Statistical Analysis
To determine the relationship between the time interval between injury and MR imaging to the size of spinal cord lesions observed on MR imaging, we performed multiple regression analyses. Edema length and hemorrhage length were the dependent variables. Time to MR imaging was the independent variable. To control for factors that may have a significant effect on cord edema and hemorrhage independent of time to MR imaging, we performed multiple regression analysis initially by using variables such as age at injury, level of injury, and sex, but without the inclusion of time to MR imaging as a regressor. Level of injury had no significant effect in the initial analysis (P = .11) and, therefore, was not included in the final regression. Variables with a suggested significant effect, which were age and sex, were included in the final regression analyses, which also included the variable of interest, time to MR imaging, as a regressor. In patients who had a short-interval follow-up MR imaging study, a paired t test was used to evaluate for significant differences in edema length between the 2 MR imaging studies. Tests of statistical significance and the calculation of correlation coefficients were performed using Systat (Systat Software, Point Richmond, Calif).
Results
The time interval between injury and MR imaging (time to MR imaging) ranged from 2.5 to 66.25 hours, with a mean time of 18.8 ± 14.9 hours. These findings and other demographic/clinical data are summarized in Table 2.
Table 2:
Demographic and clinical characteristics of 48 ASIA A patients
| Characteristic | |
|---|---|
| Mean age (yr) | 47.1 ± 21.7 |
| Sex | |
| Male | 39 |
| Female | 9 |
| Neurologic level of injury | |
| C4 | 22 |
| C5 | 17 |
| C6 | 9 |
| Time from injury to MR imaging (h) | |
| Range | 2.5–66.25 |
| Mean | 18.8 ± 14.9 |
All 48 subjects were found to have spinal cord edema at MR imaging (Table 3). To examine the relationship of time to MR imaging to spinal cord edema length, we performed multiple regression analysis. This analysis demonstrated a correlation between increased time to MR imaging and increased cord edema length (R2 = 32%, F3,44 = 6.9, P = .002; Table 4). The magnitude of the effect of time to MR imaging on edema length is large, in that the regression coefficient for time to MR imaging is 0.108 (95% confidence interval [CI], 0.04–0.176).
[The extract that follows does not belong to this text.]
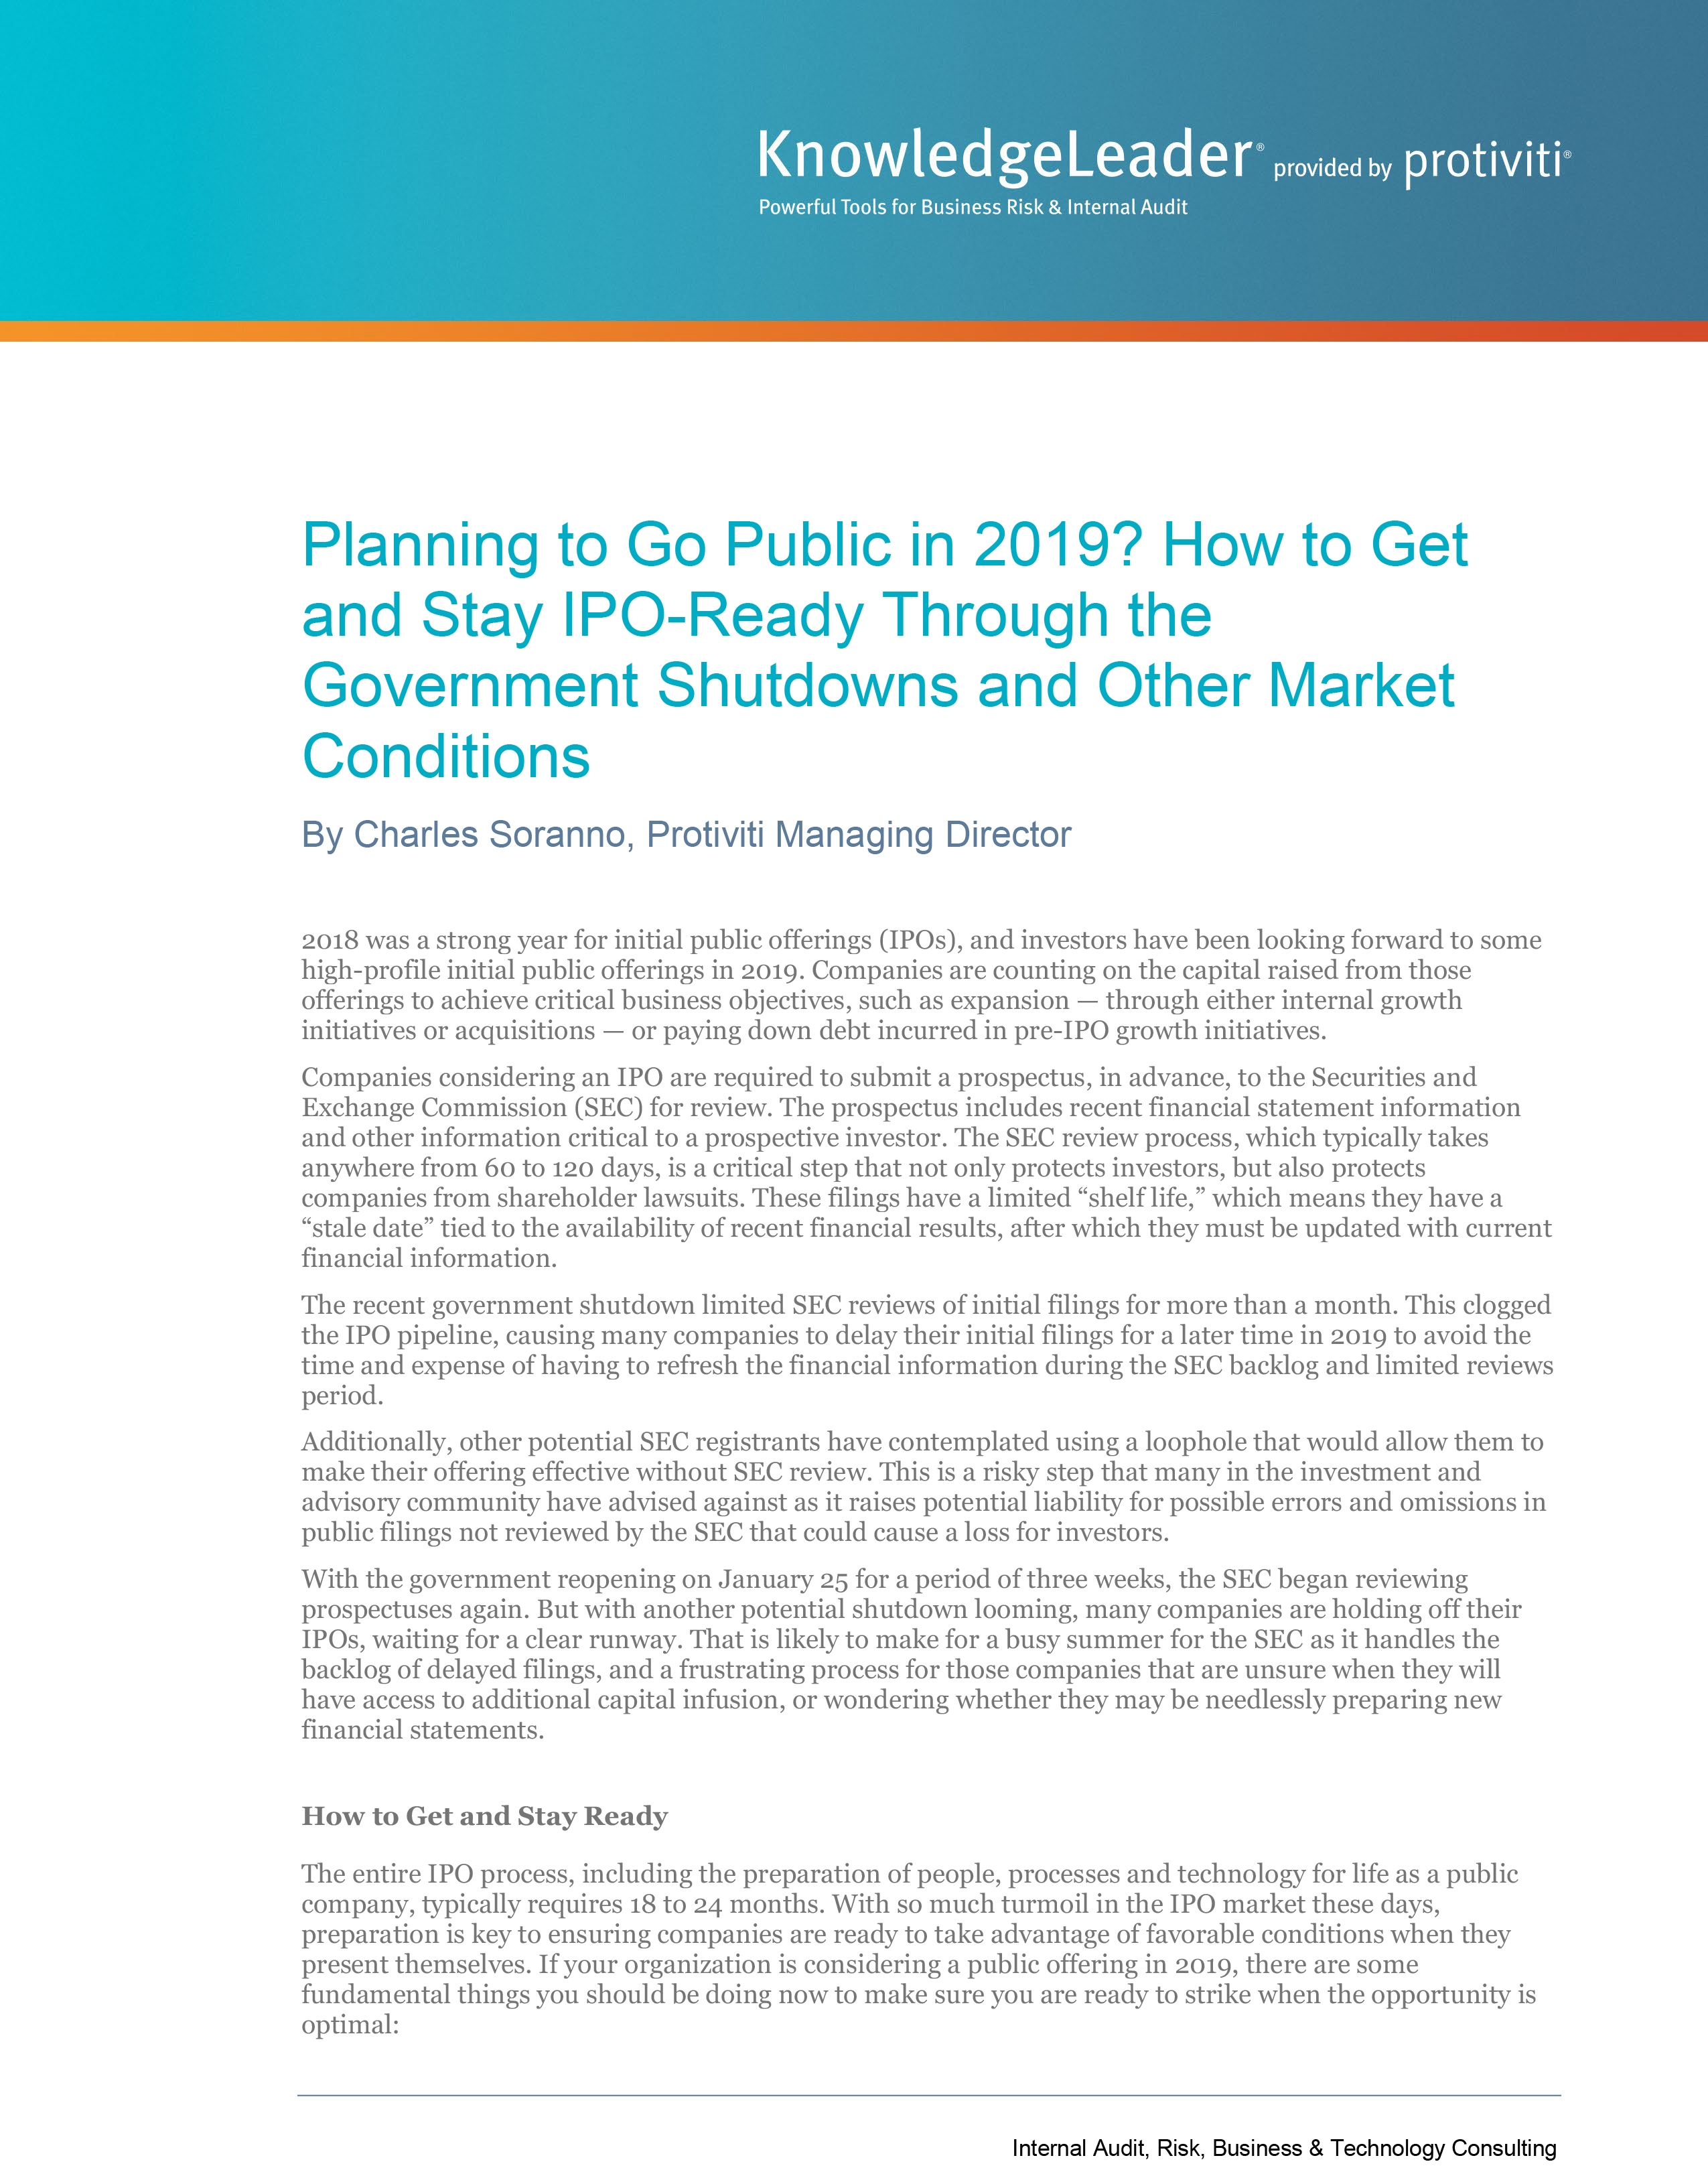 Screenshot of the first page of Planning to Go Public in 2019-How to Get and Stay IPO-Ready Through the Government Shutdowns and Other Market Conditions

Stated differently, during the acute timeframe in this severely injured cohort, spinal cord edema length is calculated to increase by an average of 0.108 U of length per hour; given that there are 3 U per vertebral level, this rate corresponds to a 1-vertebral-level increase in edema for every additional 1.2 days between injury and MR imaging.
Table 3:
Spinal cord lesion characteristics on MR imaging
| Characteristic | |
|---|---|
| Patients with spinal cord | |
| Edema | 48/48 (100%) |
| Hemorrhage | 32/48 (67%) |
| Mean length | |
| Cord edema (units) | 10.3 ± 4.0 |
| Cord hemorrhage (units) | 2.6 ± 2.0 |
Table 4:
Results of multiple regression analysis to examine the effect of time to imaging on edema length
| Variable | Coefficient | Standard Error* | P value |
|---|---|---|---|
| Intercept | 10.9 | 1.4 | .001 |
| Time to MR imaging | 0.108 | 0.034 | .002 |
| Age | −0.065 | 0.023 | .008 |
| Sex | 2.5 | 1.3 | .06 |
Standard error of the estimated coefficient.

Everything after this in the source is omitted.